We study about solids in a branch of geometry, called solid geometry. A solid is a three dimensional figure; therefore, solid geometry is also termed as 3D geometry. Few main solid geometrical figures are cube, cuboid, sphere, hemisphere, prism, pyramid, cone etc. In solid geometry, we also study about the surface areas (the area of the outer surface of the solid) and volumes (the amount of space occupied in the solid) of solids and combinations of solids.
A combination of solid is said to be a solid figure formed by combing two or more separate solids. Such as - A tent may be made of a hollow cone placed on top of a hollow cylinder or an ice-cream cone is the combination of a cone and a hemisphere on top. We should be careful while dealing with the calculations of surface areas and volumes of these combinations of solids. In this article, we are going to learn about surface areas and volumes of combinations of solid figures.

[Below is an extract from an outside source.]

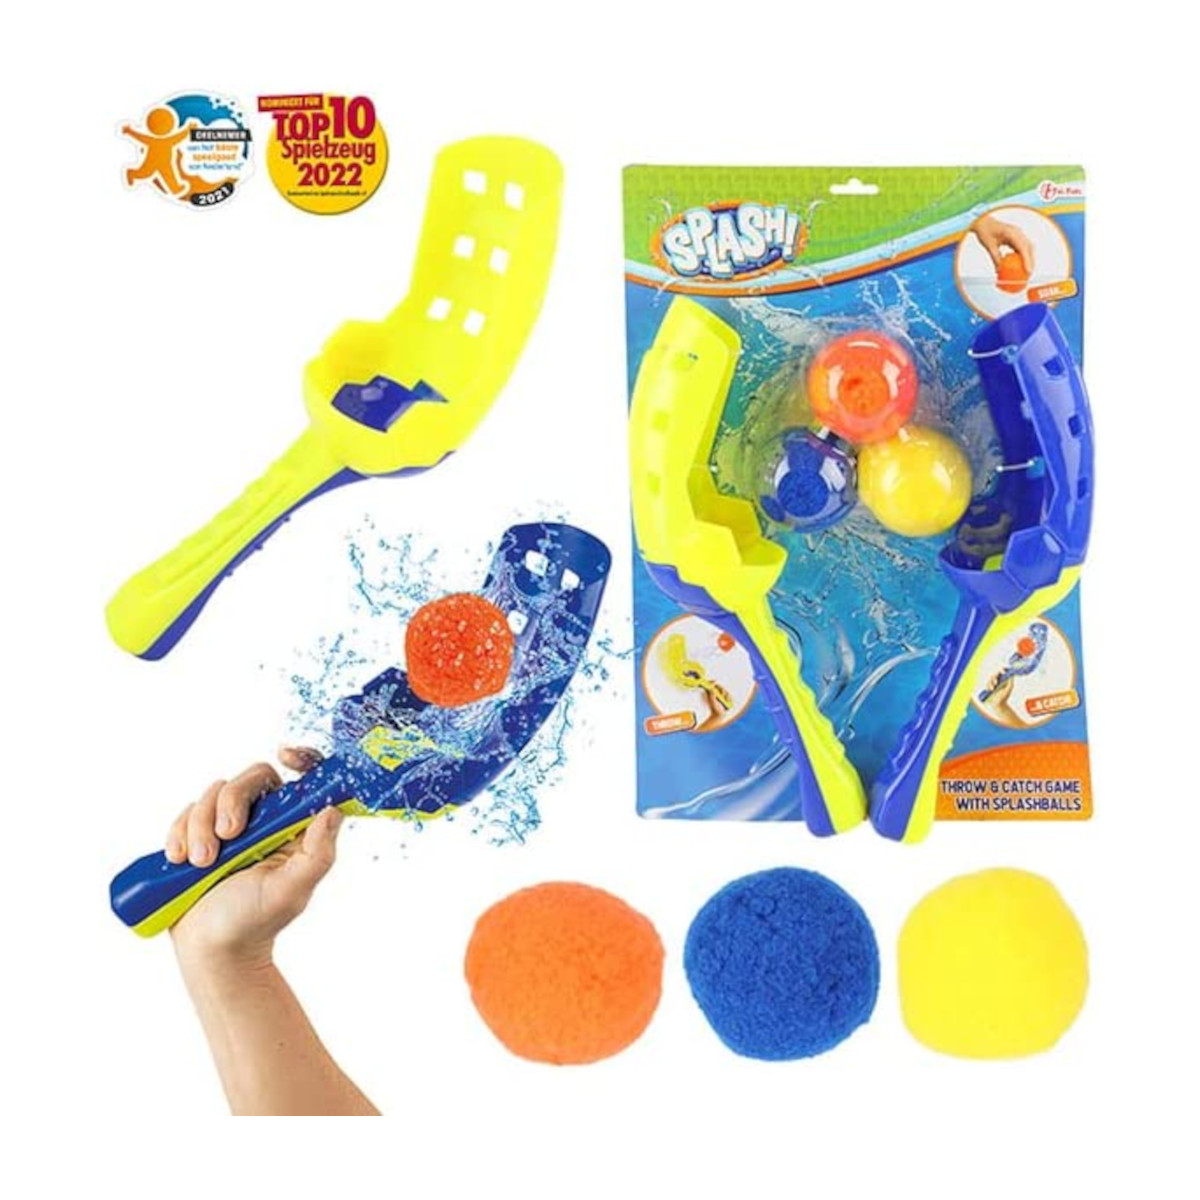 SPLASH Ballfangspiel Wasserspielzeug Wasser TOI-TOYS

 Related Calculators Calculate Surface Area Calculate Surface Area of a Circle Calculator for Surface Area of a Cylinder Cone Surface Area Calculator

Formulae

Surface Areas of Solids
The formulae of most-often used solid figures are listed below:

Cube

Lateral Surface Area (Area of 4 walls) = 4 (side)$^{2}$

Total Surface Area = 6 (side)$^{2}$

Cuboid

Lateral Surface Area (Area of 4 walls) = 2 (l + b) x h

Total Surface Area = 2(lb + bh + hl)

Where, l, b and h stand for length, breadth and height.

Cylinder
Curved Surface Area = 2 $\pi$ r h

Total Surface Area = 2 $\pi$ r (h + r)

Where, r and h represent radius and height.

Cone
Curved Surface Area = $\pi$ r l

Total Surface Area = $\pi$ r (l + r)

Where, r and h represent radius and slant height.

l = $\sqrt{r^{2}+h^{2}}$

Sphere

Total Surface Area = Curved Surface area = $4 \pi r^{2}$

Hemisphere

Curved Surface area = $2 \pi r^{2}$

Total Surface Area = $3 \pi r^{2}$

Pyramid
Lateral Surface Area = $\frac{1}{2}$ x perimeter of base x slant height

Total Surface Area = Area of base + Lateral surface area

= Area of base + $\frac{1}{2}$ x perimeter of base x slant height

Prism
Lateral Surface Area = perimeter of base x slant height

Total Surface Area = 2 x Area of base + Lateral surface area

= (2 x Area of base) + (perimeter of base x slant height)

Volumes of Solids
The formulae of most-common solid figures are given below:

Cube

Volume = (side)$^{3}$

Cuboid

Volume = l b h

Where, l, b and h are length, breadth and height of the cuboid.

Cylinder
Volume = $\pi r^{2} h$

Where, r and h are radius and height of the cylinder.

Cone
Volume = $\frac{1}{3}$ $\pi r^{2} h$

Where, r and h are radius and height of the cone.

Sphere

Volume = $\frac{4}{3}$ $\pi r^{3}$

Hemisphere

Volume = $\frac{2}{3}$ $\pi r^{3}$

Pyramid

Volume = $\frac{1}{3}$ x area of base x height

Prism
Volume = area of base x height

How to Find

We need to be very careful while finding the surface areas and volumes of the combinations of solids. In order to calculate the surface area of any combination of solid, one needs to look for the exposed area of the combination of solids.
Then we should use the suitable formula for each solid, find out the exposed surface area of each solid in the combination and calculate their sum.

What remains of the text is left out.